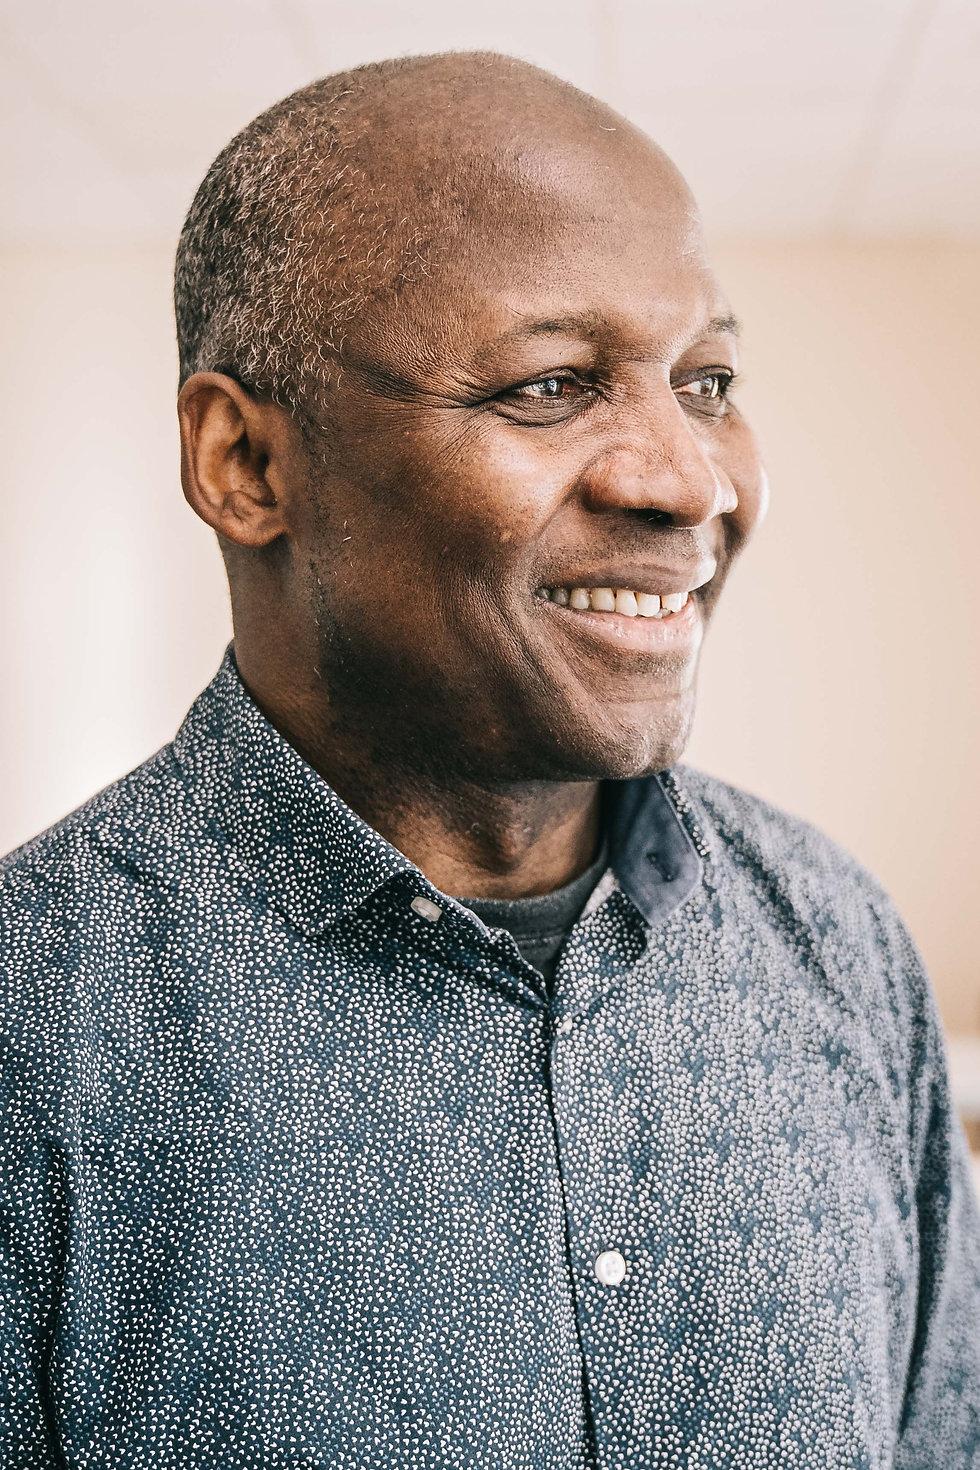 a portrait of a smiling man vhs
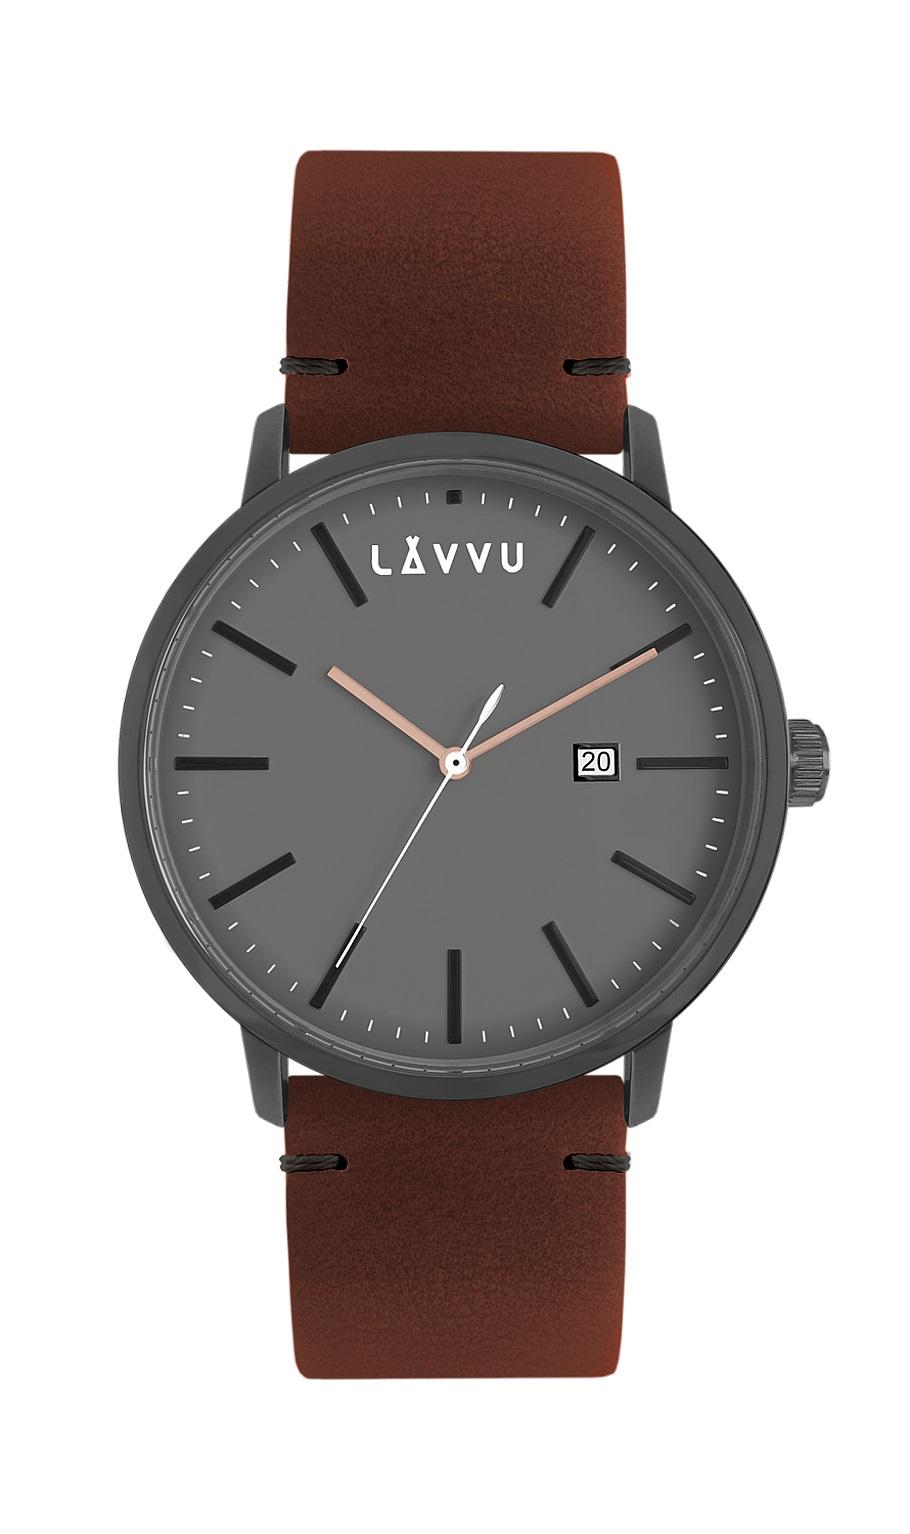 Červeno-hnědé pánské hodinky LAVVU COPENHAGEN WOODS s koženým páskem LWM0033 (POŠTOVNÉ ZDARMA!!! LWM0033)
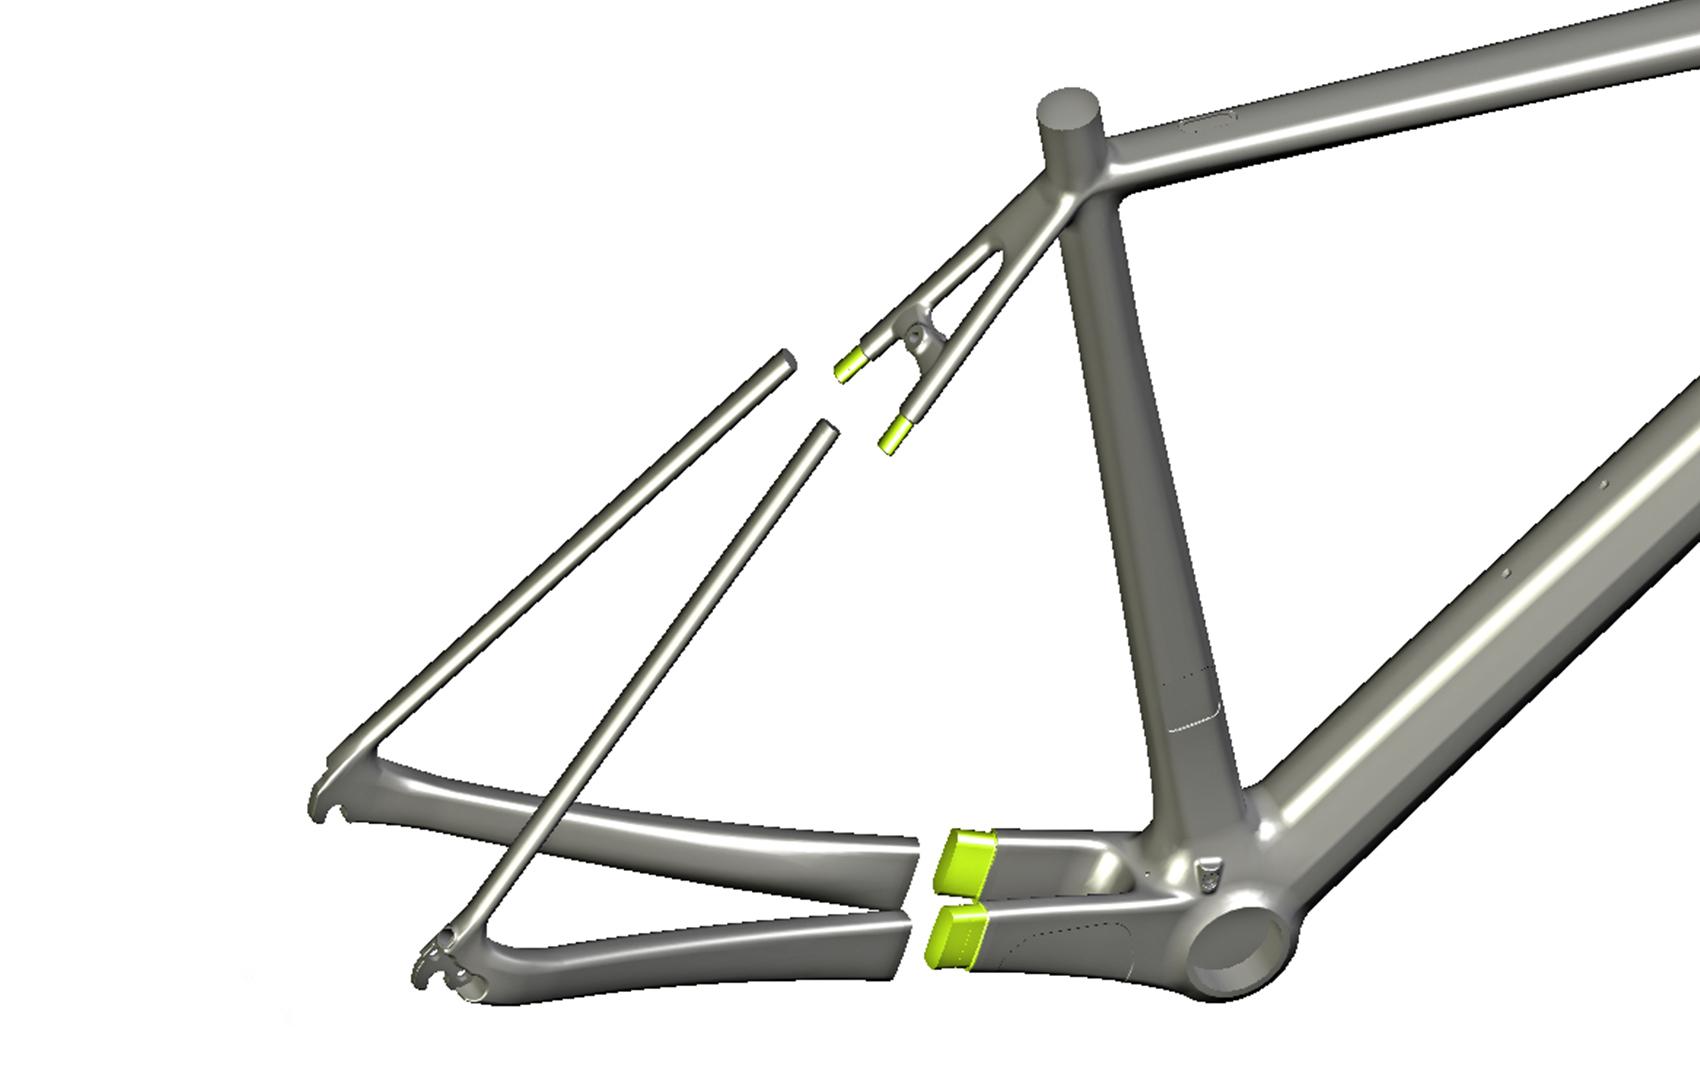 Fuji SL, frame van 695 gram   Fiets.nl - Race en MTB website
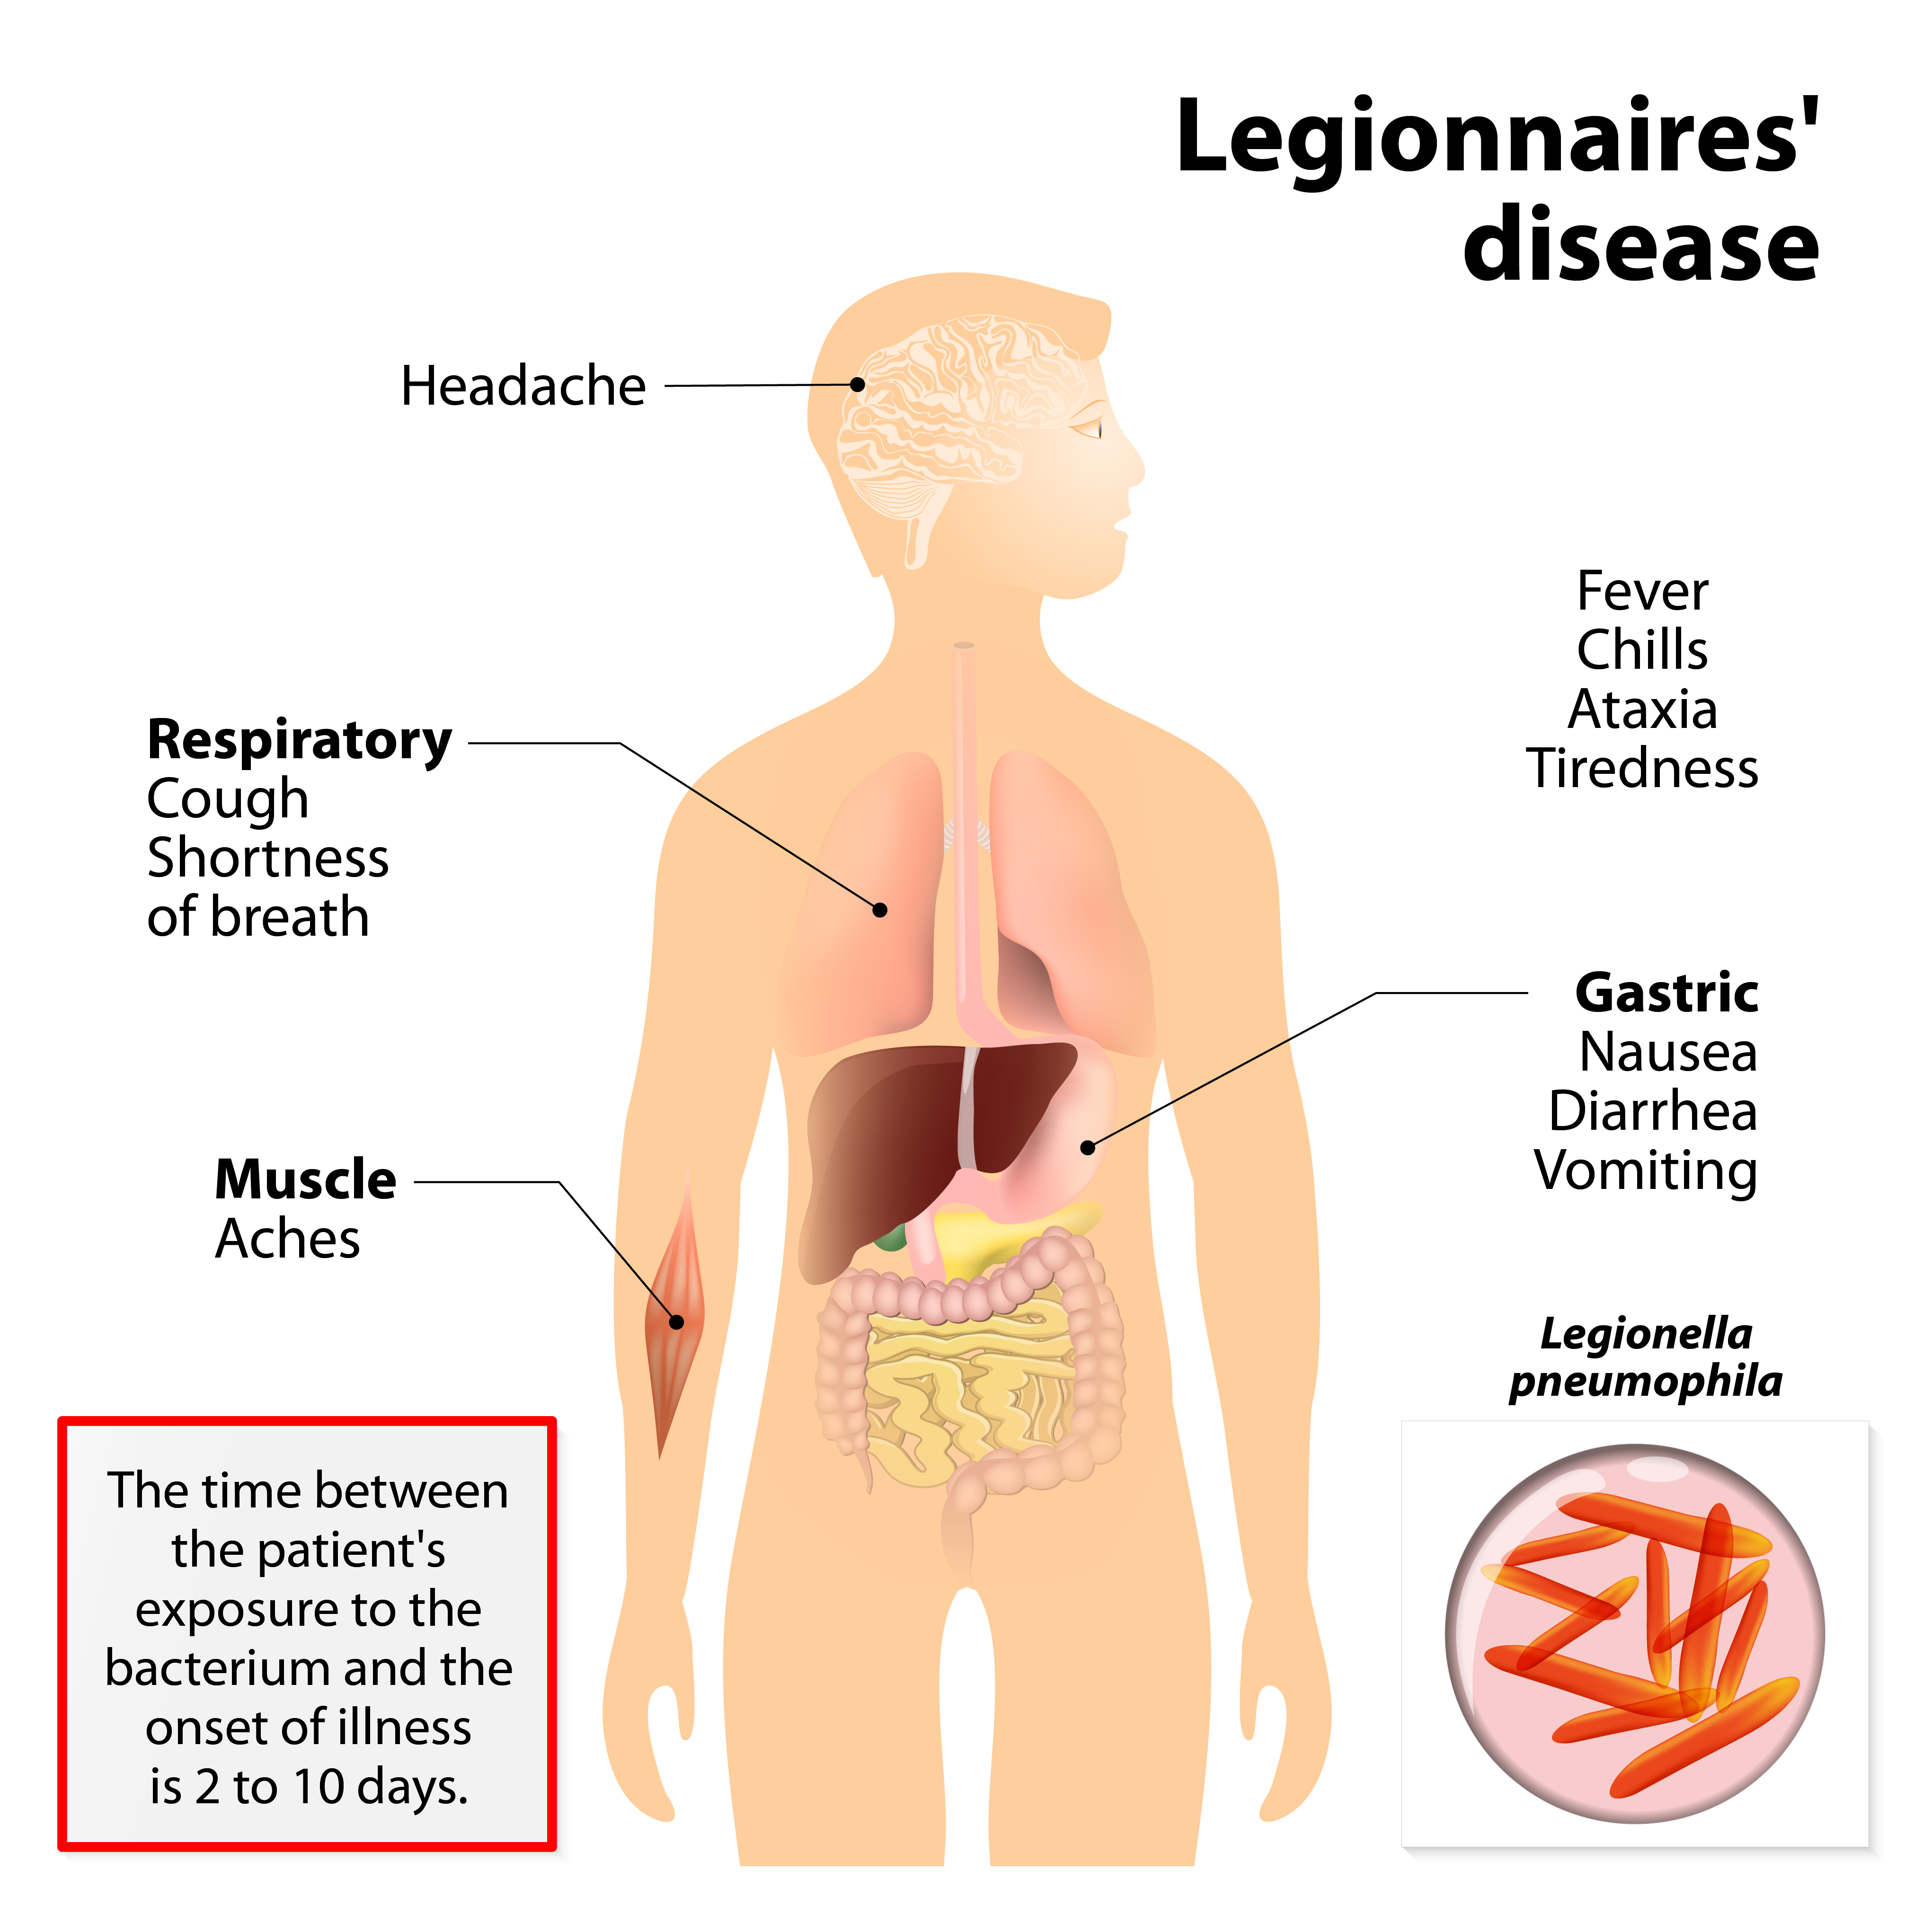 Legionnaires'disease

*Exercise*
With images omitted, retype the data word for word.

*Exercise output*
 a portrait of a smiling man vhs
 Červeno-hnědé pánské hodinky LAVVU COPENHAGEN WOODS s koženým páskem LWM0033 (POŠTOVNÉ ZDARMA!!! LWM0033)
 Fuji SL, frame van 695 gram   Fiets.nl - Race en MTB website
 Legionnaires'disease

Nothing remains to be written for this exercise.